Over the course of just a few months, the Covid-19 global pandemic has shattered practically every shibboleth in the neoliberal bible.
The first and most obvious victim is the idea that money is a scarce resource. In recent years, any proposal for economic redistribution and increased welfare spending — such as those championed by Corbyn in the UK and Sanders in the US — has been met with the same smug question: “How are you going to pay for that?”. Even worse, the standard response of Left-wing politicians has been to contrive elaborate funding plans to prove that their programmes were ‘fully-costed’, rather than to challenge the mainstream narrative. For as long as most of us can remember, the entire debate around fiscal/budgetary policy has been based on the assumption that the government’s budget is like that of a household or private firm.
When David Cameron said in 2011 that “if you have maxed out your credit card, if you put off dealing with the problem, the problem gets worse”, he was inferring that the government deficit is just like credit card debt and that a country that racks up too much debt will end up facing bankruptcy, just like an individual or business.

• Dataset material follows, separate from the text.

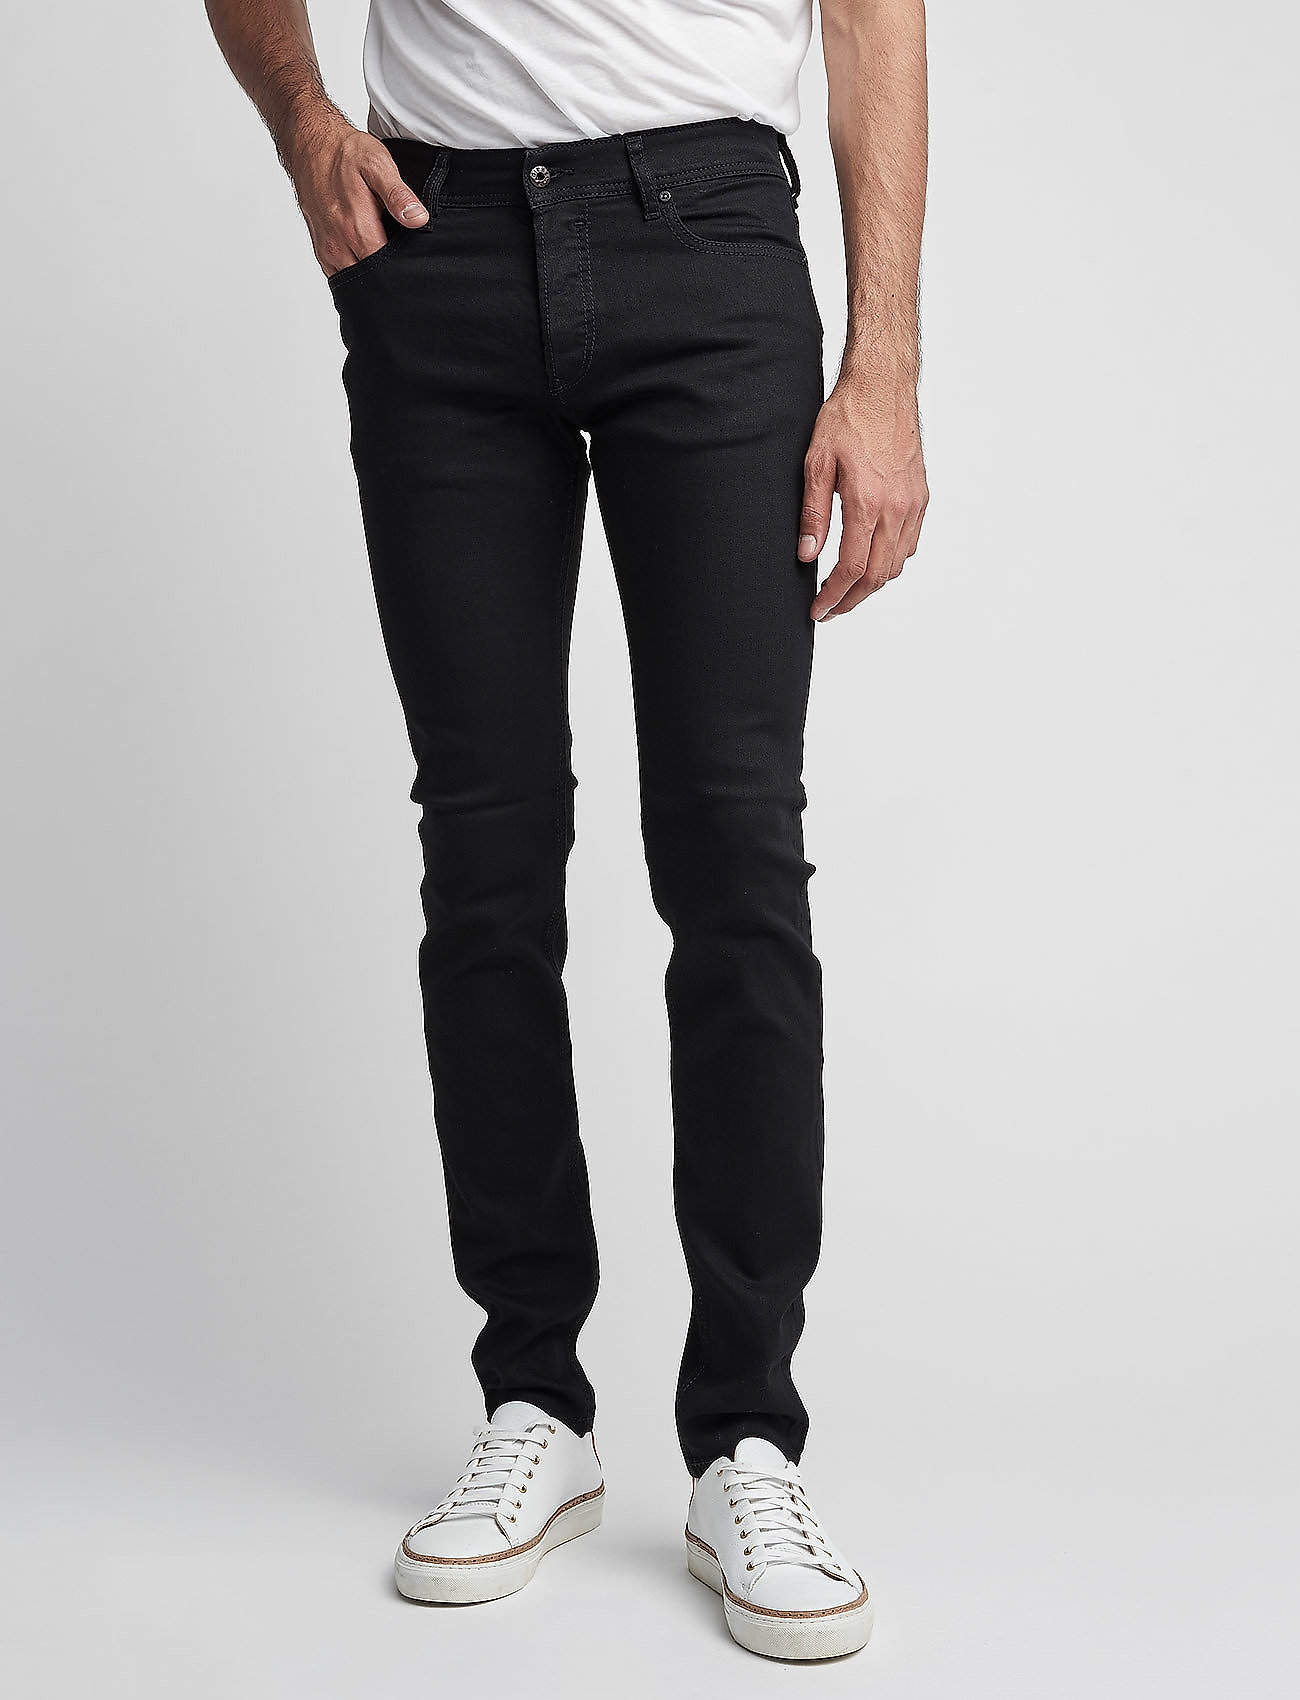 Diesel Men - SLEENKER - slim jeans - grey

This logic has been used — in the UK and elsewhere — to justify vicious slash-and-burn austerity policies (including budget cuts to healthcare, education and other social services) which have punished the weakest and most vulnerable in society, resulting in 120,000 excess deaths in the UK alone.
The coronavirus crisis has now revealed the austerity logic to be an utter sham: as advocates of modern monetary theory (MMT) have been saying for years, states that issue their own currency and issue debt in their own currency (i.e. every advanced country in the world with the notable exception of the eurozone) can never ‘run out of money’, nor can they become insolvent because, unlike households or firms, they can literally create money out of thin air. That’s what being a currency issuer means. In recent weeks, governments around the world have announced massive spending plans and double-digit deficits; yet, curiously enough, we haven’t heard any of the usual screams of “How are you going to pay for that?”.

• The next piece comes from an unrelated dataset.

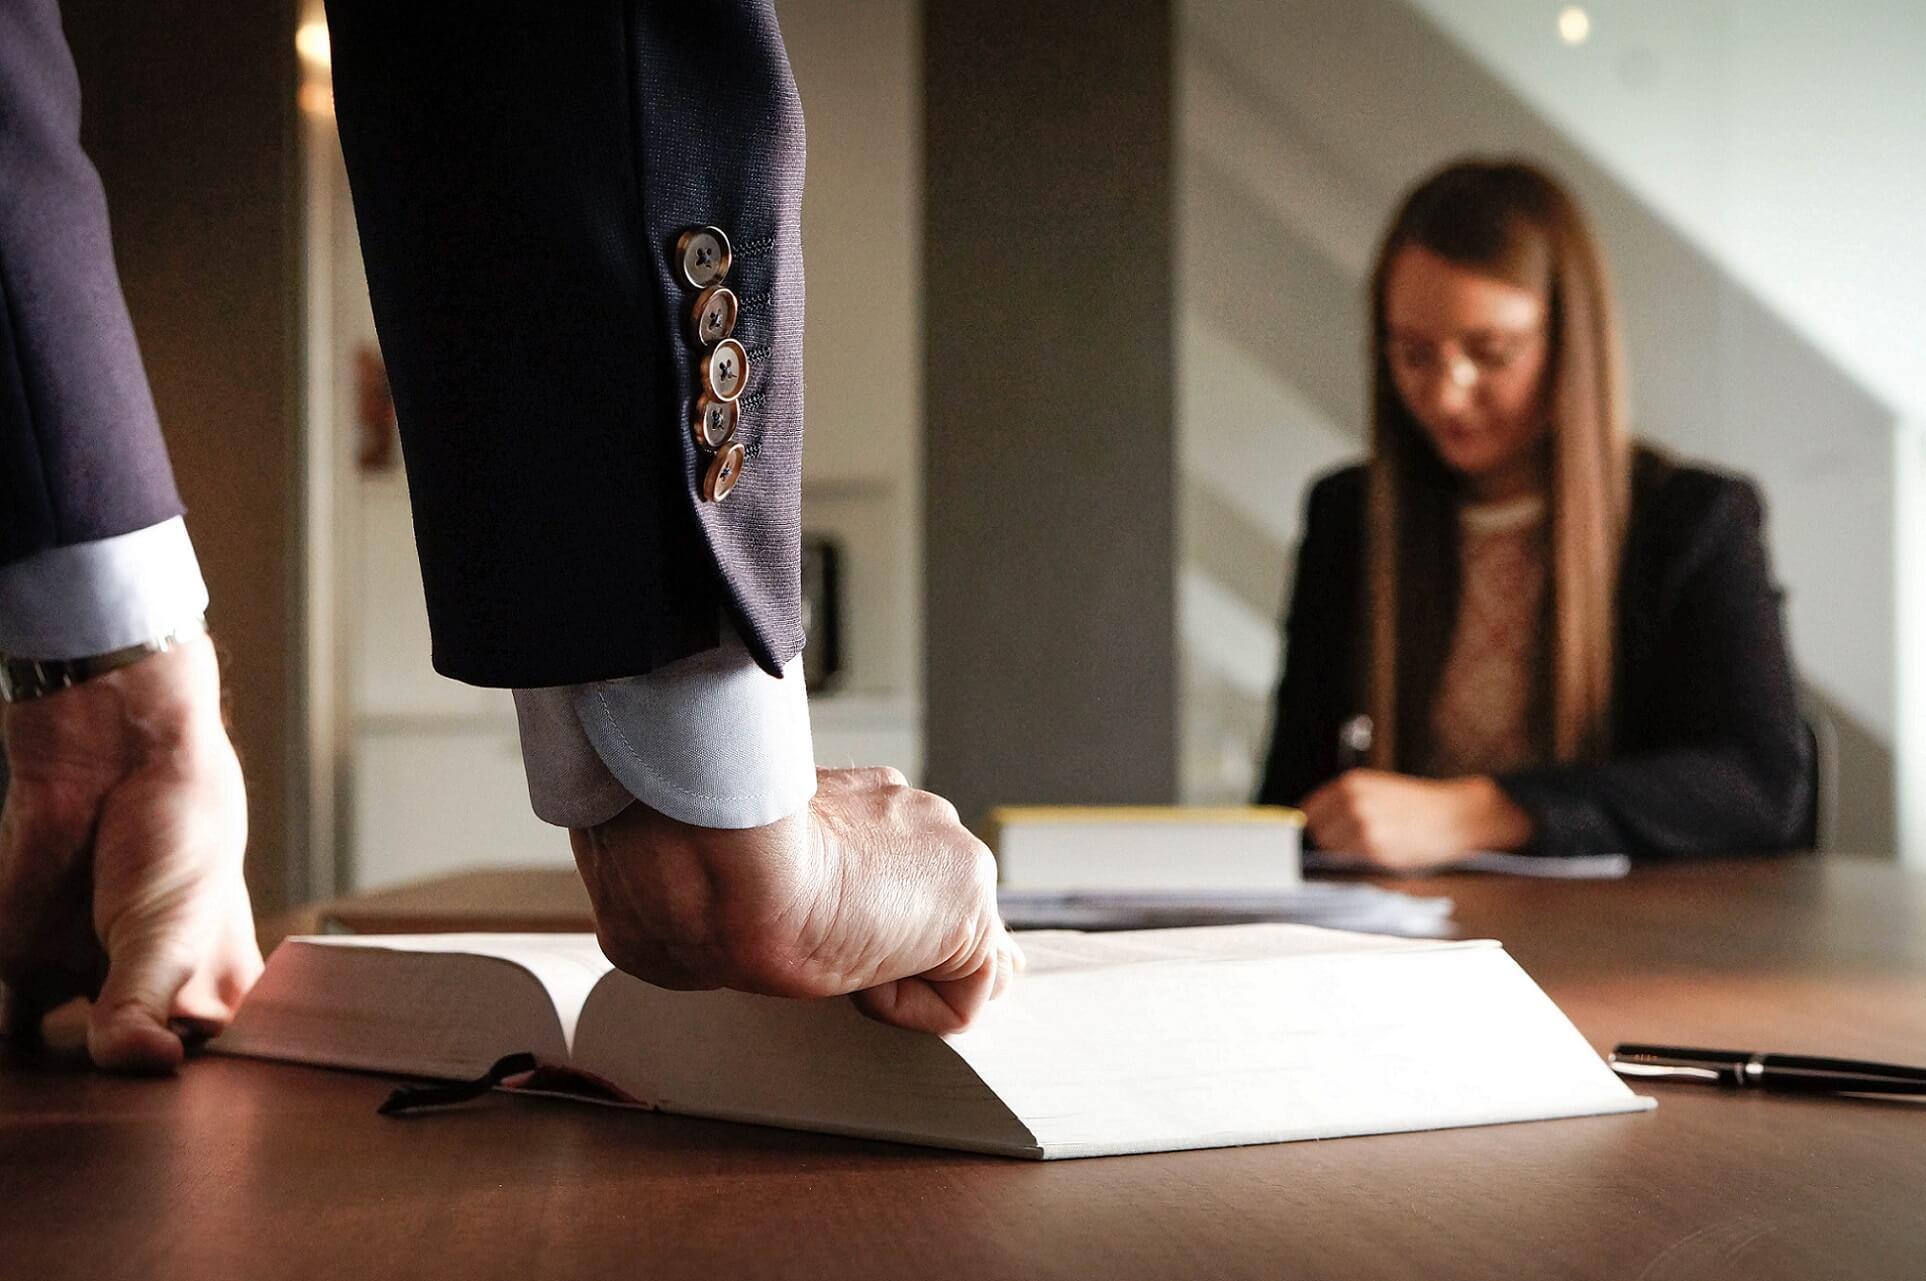 das Buch des Rechts und des juristischen Personals

On the contrary, even mainstream commentators are now admitting that these massive deficits don’t pose a problem because they will most likely be ‘monetised’ by the countries’ respective central banks: simply put, the latter will buy up as many government bonds as necessary and keep them on their balance sheets for as long as they like (potentially forever). As Lord Turner, the former head of the UK’s Financial Services Authority, recently said: “I do think the time is right for monetary finance. There would be a clarity of assuring people that there is no limit on the money available.” And there you have it, the austerity lie exposed: there has never been a lack of money for education, healthcare, infrastructure, welfare and other public services.
All the pain, suffering and misery imposed on millions of people as a result of austerity was entirely a political choice. All the cries of “How are you going to pay for that?” were simply a way to maintain the deeply unequal relations of power in our societies. To dramatically restrict our ability to imagine economic and political alternatives. But “all of these excuses that we have been given as to why we cannot treat people humanely have suddenly gone up in smoke”, as Alexandria Ocasio-Cortez said. If money can be created out of thin air to fight a ‘war’ against a deadly virus, doesn’t it follow that the same can be done to ‘wage war’ on poverty, unemployment, inequality, ecological collapse – all of which are much deadlier evils than Covid-19.
The second neoliberal shibboleth shattered by the pandemic is the superiority of private and liberal strategies over centralised economic planning and the welfare state, and the obsolescence of nation-states. For years (well, decades), we’ve been told that governments are wasteful and inefficient; that markets are able to operate more efficiently both in the short term and in the long term; and that governments are largely powerless vis-à-vis the forces of the global economy.